Особенно мне хотелось бы защитить тебя от тебя же самого. Превыше всего опасайся обмануться На свой счет. Глупо поверить внешнему. Будь искренним даже в ущерб себе, и тогда искренность сделает тебя прозорливым, пойдет тебе на благо. Пойми, попытайся понять следующее: для мальчика твоей среды, - я хочу сказать развитого, много читающего, живущего с непрерывным общением с людьми, умными и свободными в своих суждениях, - представления о некоторых вещах, о некоторых чувствах обгоняют опыт. Вы постигаете умом, воображением тысячи чувств, не испытав их на практике, непосредственно. Вы сами не подозреваете об этом. Вы не отличаете "знать" от "испытать". Вы полагаете, что испытываете такое-то чувство или потребность; на самом же деле вы только знаете, что такие-то чувства и потребности испытываются людьми...

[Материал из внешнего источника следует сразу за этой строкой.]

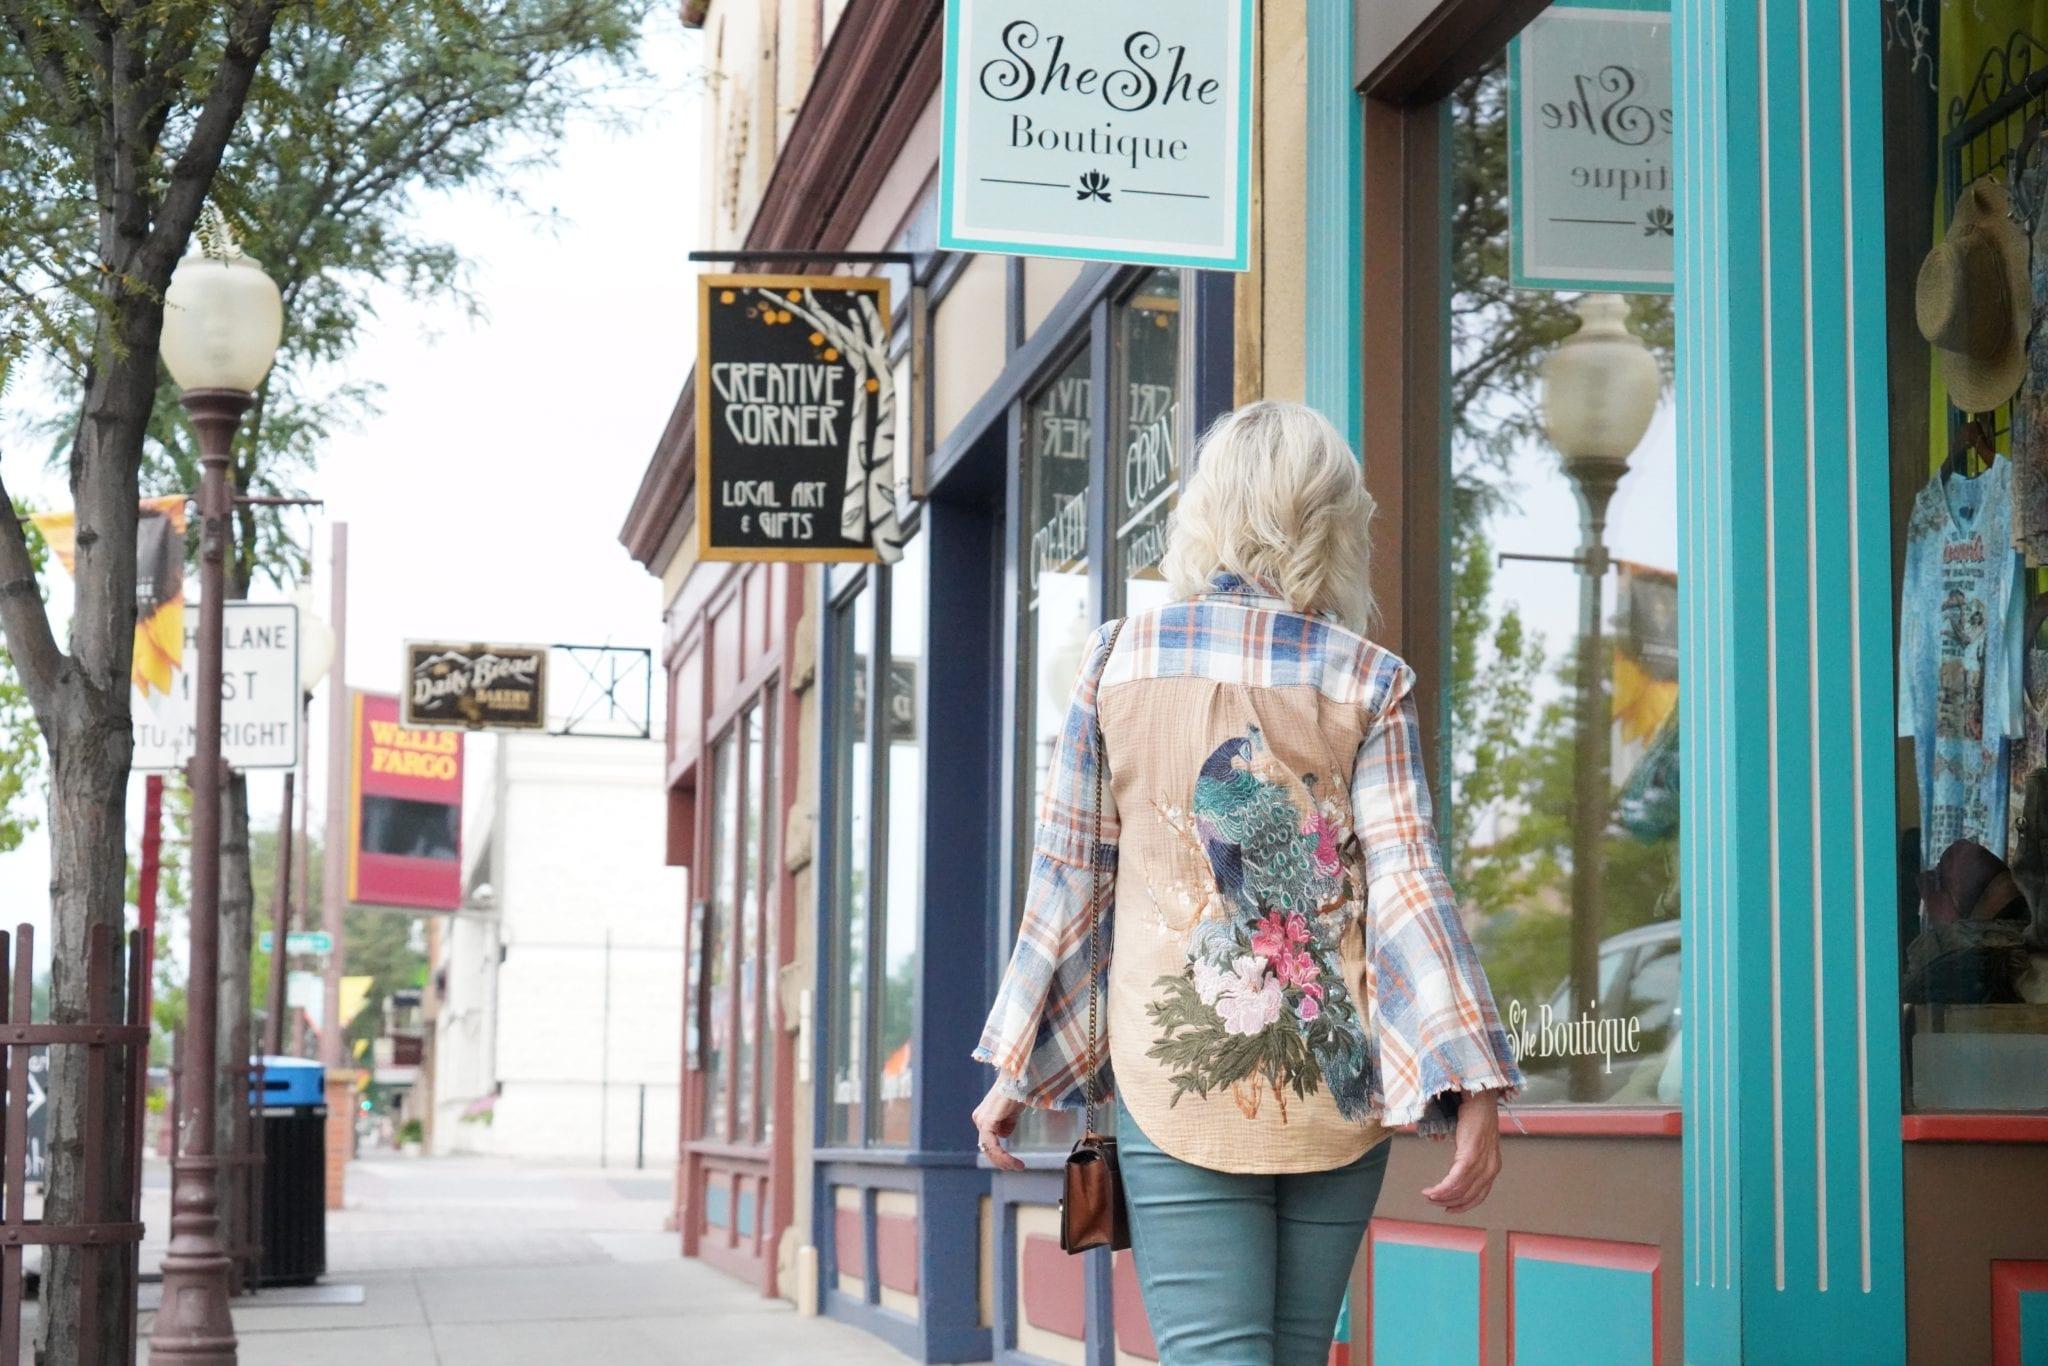 Floral shirts, plaid shirts, mixing patterns, print shirts, fall tops

Поговорим об этом. Призвание! Возьмем пример. В десять - двенадцать лет ты, конечно, был уверен, что станешь моряком, открывателем новых земель, потому что ты страстно любил рассказы о приключениях. Теперь ты научился шевелить мозгами и улыбаешься, вспоминая свои ребячества. Знай же, что в шестнадцать, в семнадцать лет тебя подстерегают совершенно такие же заблуждения. Будь бдительным, не доверяй своим склонностям. Не воображай слишком скоропалительно, что ты художник или человек действия или что ты жертва большой любви только потому, что ты не раз восхищался в книгах и в жизни поэтами, великими созидателями и влюбленными. Терпеливо отыскивай в себе то, что составляет сущность твоего "я". Попытайся постепенно раскрыть свою подлинную личность Нелегко это. И многим если удается, то слишком поздно. А многим и вообще не удается. Но время у тебя есть, не торопись. Ты долго будешь идти ощупью, прежде чем узнаешь, кто ты. Но когда ты найдешь самого себя, тогда быстрее сбрось чужие одеяния. Заметь, где предел твоих возможностей, и таким, каков ты есть, прими себя. И тогда приложи все усилия, чтобы развитие шло в соответствии с твоим назначением, шло здорово, без плутней с самим собой. Ибо познать себя и принять - это вовсе не значит обречь себя на пассивность, отказаться от самосовершенствования. Совсем напротив! Это значит не упускать ни одного шанса достичь своего "максимума", ибо отныне ты устремишься по верному пути, по тому пути, где плодотворны все усилия. Расширяй границы своего "я" как только можешь. Но только лишь границы естественные и только тогда, когда ты обнаружишь, каковы они. Неудача постигает чаще всего тех, кто с первого шага не понял себя, обманулся и кинулся по чужому следу; или тех, кто, избрав правильный путь, не сумел или не отважился держаться в рамках возможного для них.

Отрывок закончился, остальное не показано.